Cholesterol levels increase after corticosteroid, tofacitinib use in IBD
Corticosteroid and tofacitinib use in patients with inflammatory bowel disease correlated with increased total cholesterol levels, according to research published in Alimentary Pharmacology and Therapeutics.
“Patients with an active chronic inflammatory disease have lower levels of total cholesterol, HDL-cholesterol (HDL-c) and LDL-cholesterol (LDL-c) compared with patients who are in disease remission and the general population. This so-called “lipid paradox” has been mirrored in other inflammatory states,” Jasmijn A.M. Sleutjes, MD, Erasmus Medical Center, and colleagues wrote. “The severity of the underlying inflammation is associated with the magnitude of these lipid changes. Randomized controlled trials and observational studies in patients with IBD demonstrated increases in lipid levels after therapy initiation. ... It is unknown if lipid levels are affected similarly by all classes of IBD therapy.”

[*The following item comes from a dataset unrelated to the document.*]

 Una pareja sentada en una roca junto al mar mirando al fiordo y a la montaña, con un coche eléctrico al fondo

To assess the effect of different IBD drug classes on lipid profile, researchers performed a systematic review of 11 studies comprising 1,663 patients with IBD (15% Crohn’s disease, 85% ulcerative colitis) that assessed lipid levels before induction and after induction as well as through maintenance treatment.

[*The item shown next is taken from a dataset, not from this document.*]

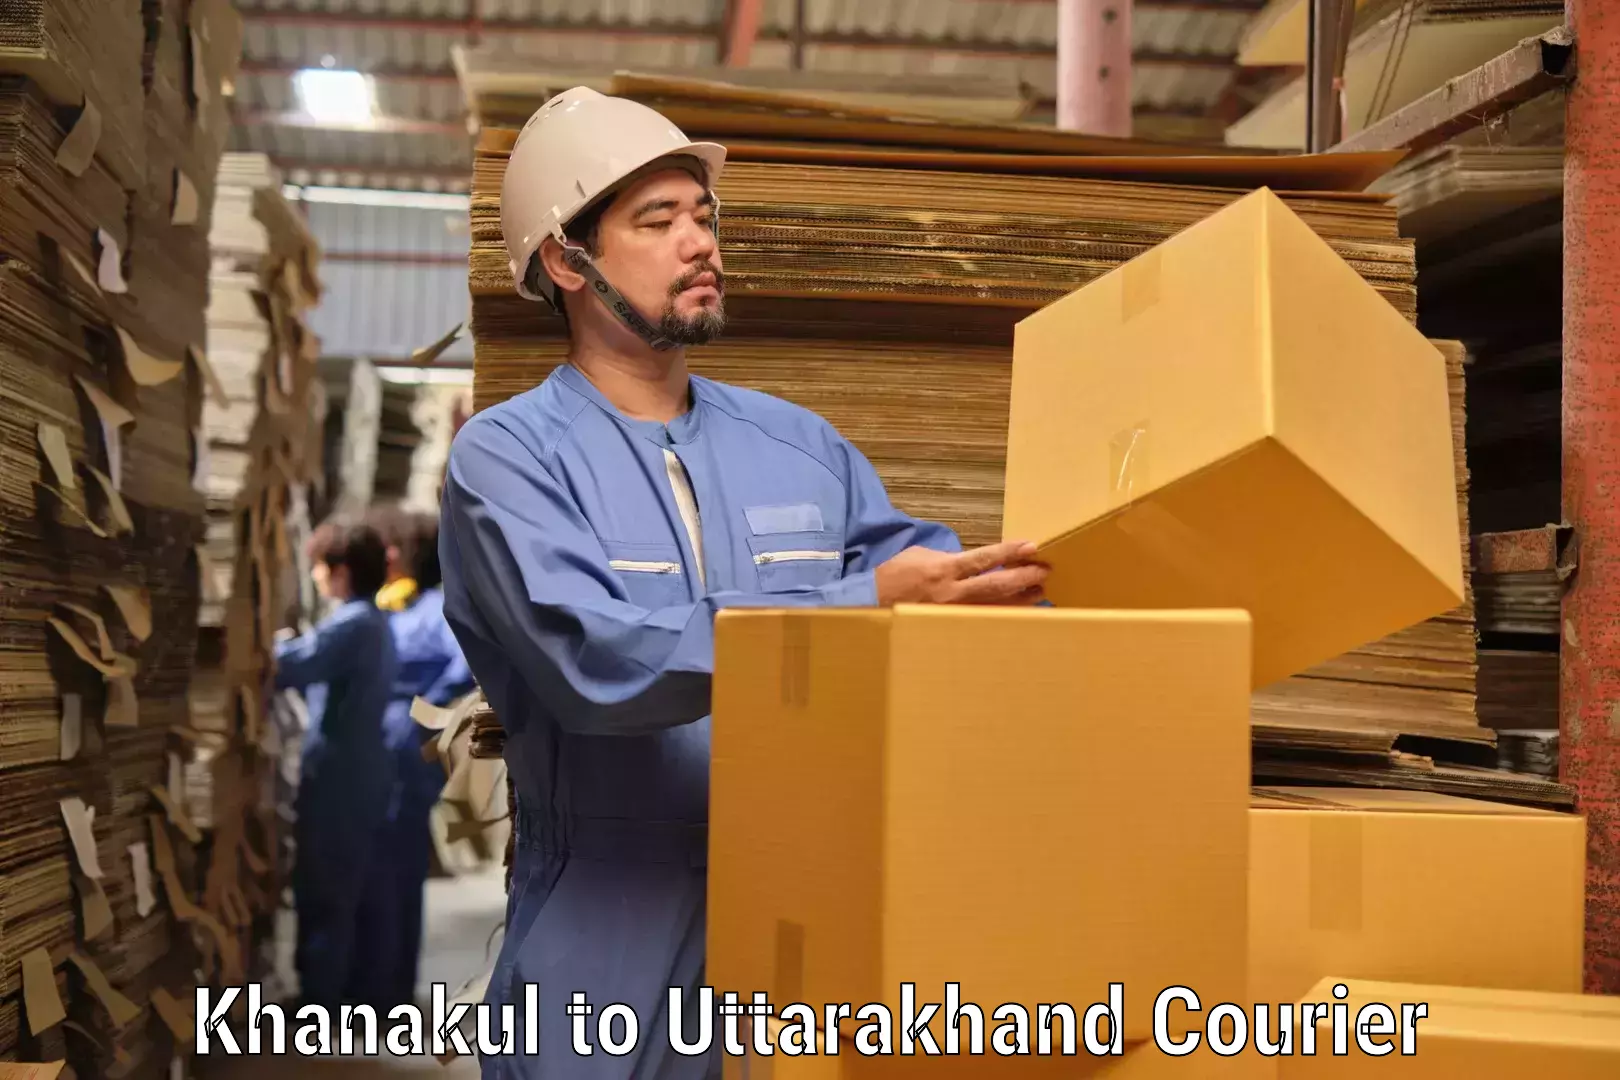 Customer-focused courier Khanakul to Uttarakhand

According to study results, researchers observed a change in total cholesterol levels after induction therapy among patients dosed with corticosteroids (mean change, +1.19 mmol/L; 95% CI, 0.52-2.59), tofacitinib (mean change, +0.66 mmol/L; 95% CI, 0.42-0.79) and filgotinib (Gilead Sciences/Galapagos NV; mean change, +0.39 mmol/L). Investigators saw similar trends following maintenance therapy (corticosteroid mean change, +1.33 mmol/L; 95% CI, 0.28-2.26; tofacitinib mean change, +0.55 mmol/L; 95% CI, 0.43-0.68; filgotinib mean change, +0.28 mmol/L). Conversely, anti-tumor necrosis factor agents were not associated with changes to total cholesterol levels after induction therapy (mean change, –0.11 mmol/L; 95% CI, –0.26-0.36) or maintenance therapy (mean change, 0.08 mmol/L; 95% CI, –0.07-0.39).
“We demonstrated significant and persistent lipid changes in IBD patients starting corticosteroids and tofacitinib independent of treatment regimens. In addition, tofacitinib increased HDL-c and LDL-c and reduced triglyceride levels significantly both after induction and maintenance therapy,” Sleutjes concluded. “The effect of anti-TNF-a agents on total cholesterol changes was neutral.”